Feasibility Report to be submitted in Week 11 of the Autumn Semester. This will allow the assessors to mark the groups’ progress against a marking scheme. This will account for 15% of the total mark

Final written Group Report as described below, an oral defence of this report and production of a technical poster. This will take place towards the end of Semester 2 and will account for 20% of the total mark.

All of the above components totalling 40% of the total mark are for group submissions and will be moderated by the peer asse4ssment that will be undertaken at the end of each semester.

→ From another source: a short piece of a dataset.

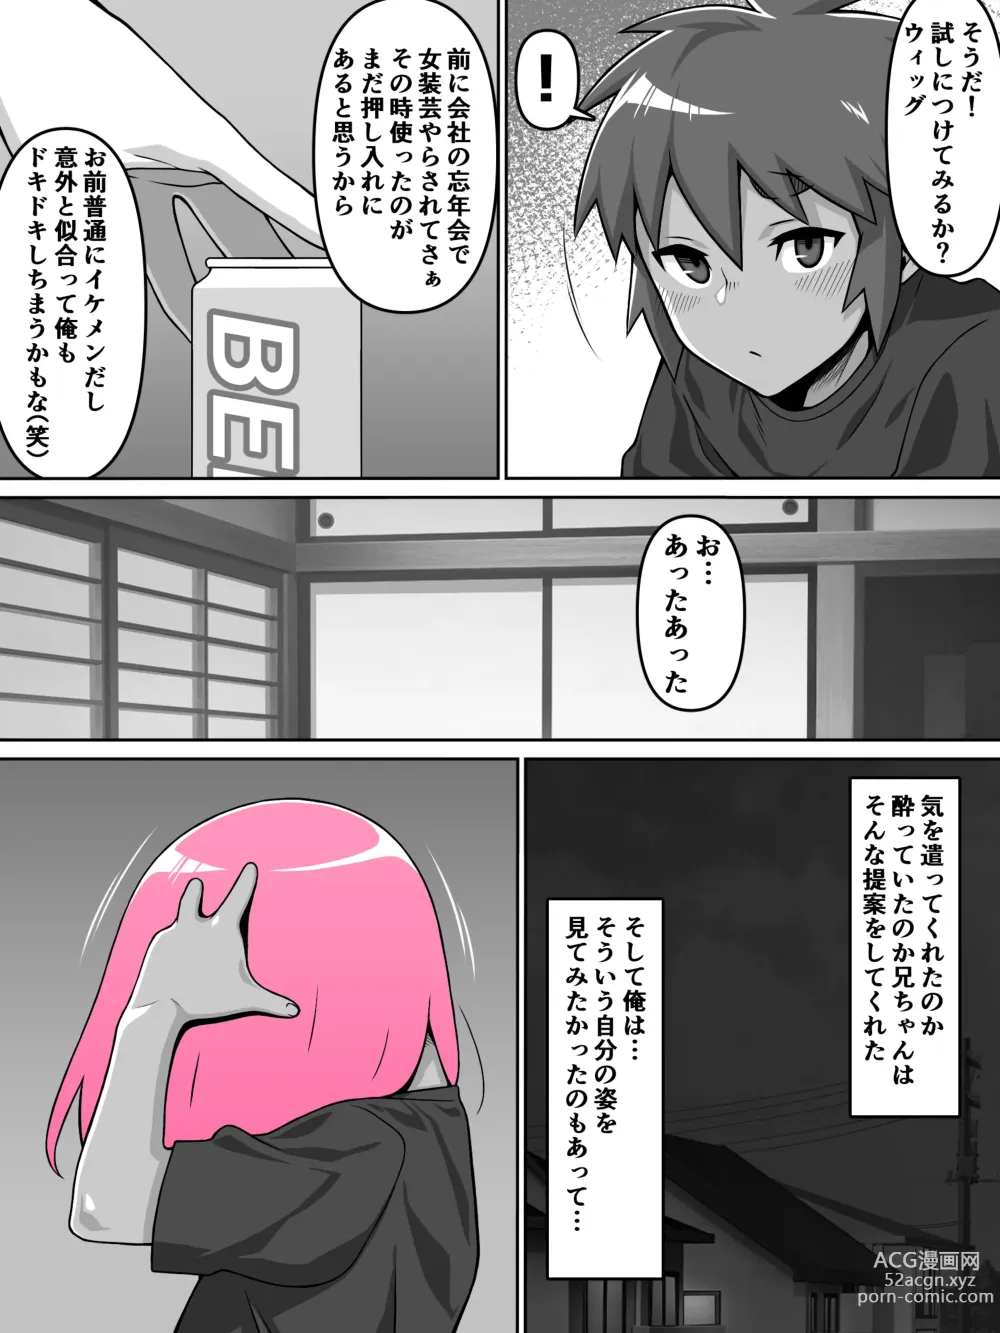 Page 12 of doujinshi Oi Ai

For the final written Group Report each group has to produce areport that provides a justified and referenced solution to their design. It will provide a summary of the design proposal along with brief details of each of the aspects considered. These aspects might include:

• Ecological, archaeological and sustainability issues – including justifications as required.
• Structural design – from individual generators, the drive train, blades, support towers or foundations to details of the PV farm.
• Mechanical Design – turbines and gearboxes.
• Electrical aspects – including connection to the grid and system protection.
• Health and Safety – during construction, operation and decommissioning.
• Construction – including programme, transport, site access, craneage etc.
• Energy and Environmental impact – including energy related design of the site, environmental impact of the development etc.
• Costing – including cost of the solution, payback, etc.

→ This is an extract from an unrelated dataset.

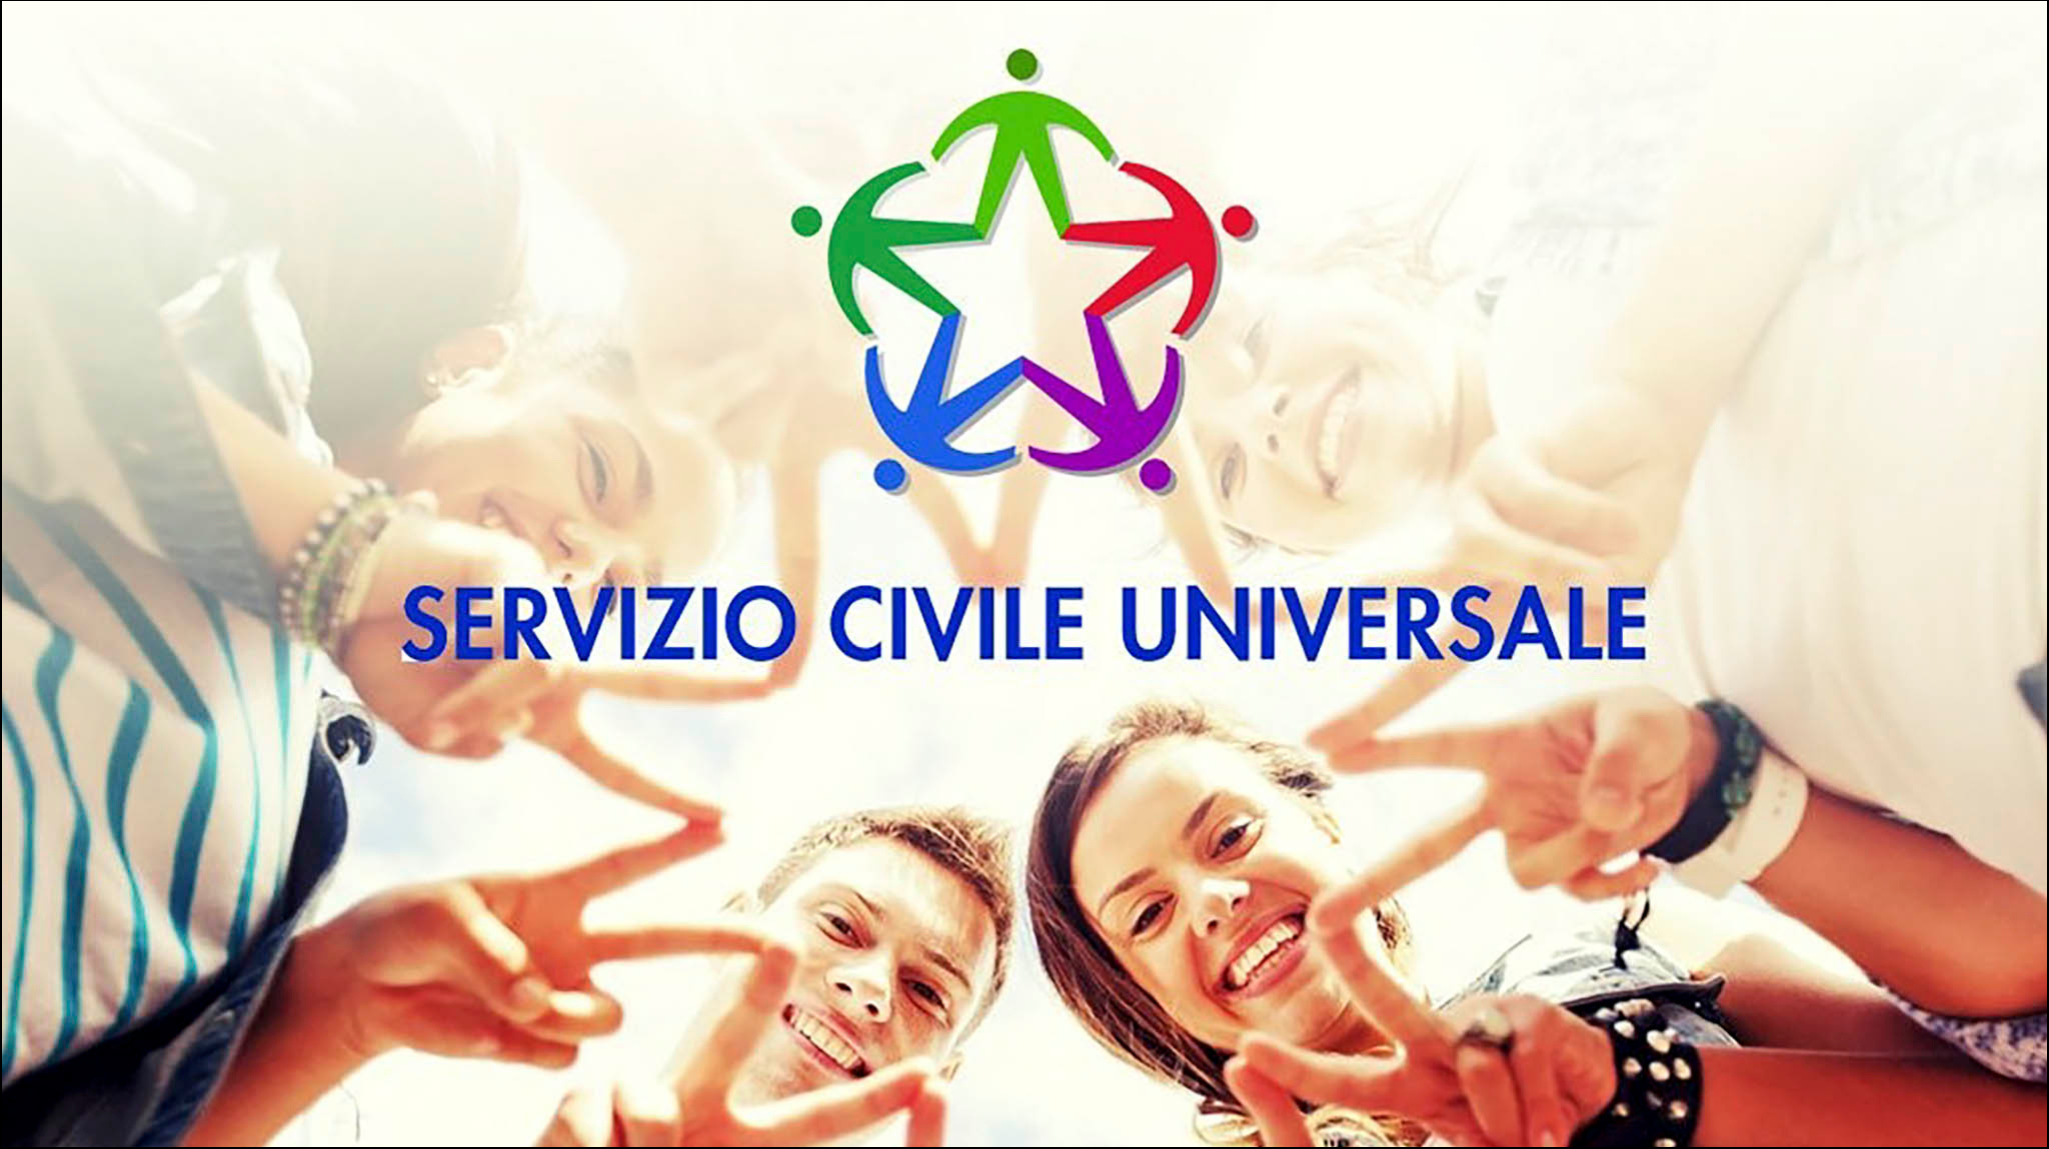 Servizio Civile Universale - Immagine in primo piano

In addition to the written Group Report, individual students will produce their own Appendix to be submitted together with the froup report, describing their individual contribution and providing the calculations and specification for the design of the individual components for which they have been responsible. The Appendix will receive an individual mark which will account for 60% of the total mark.

Re-assessment candidates will undertake a synoptic 100% individual coursework assessment based on the work undertaken within the module.

Environmental issues – including energy needs and economic issues
Structural design – foundations, barrages and towers
Mechanical Design – rotating machines
Electrical Aspects – Power Electronics, generator control and connection to supply system
Health and Safety
Energy and Environmental impact
Costing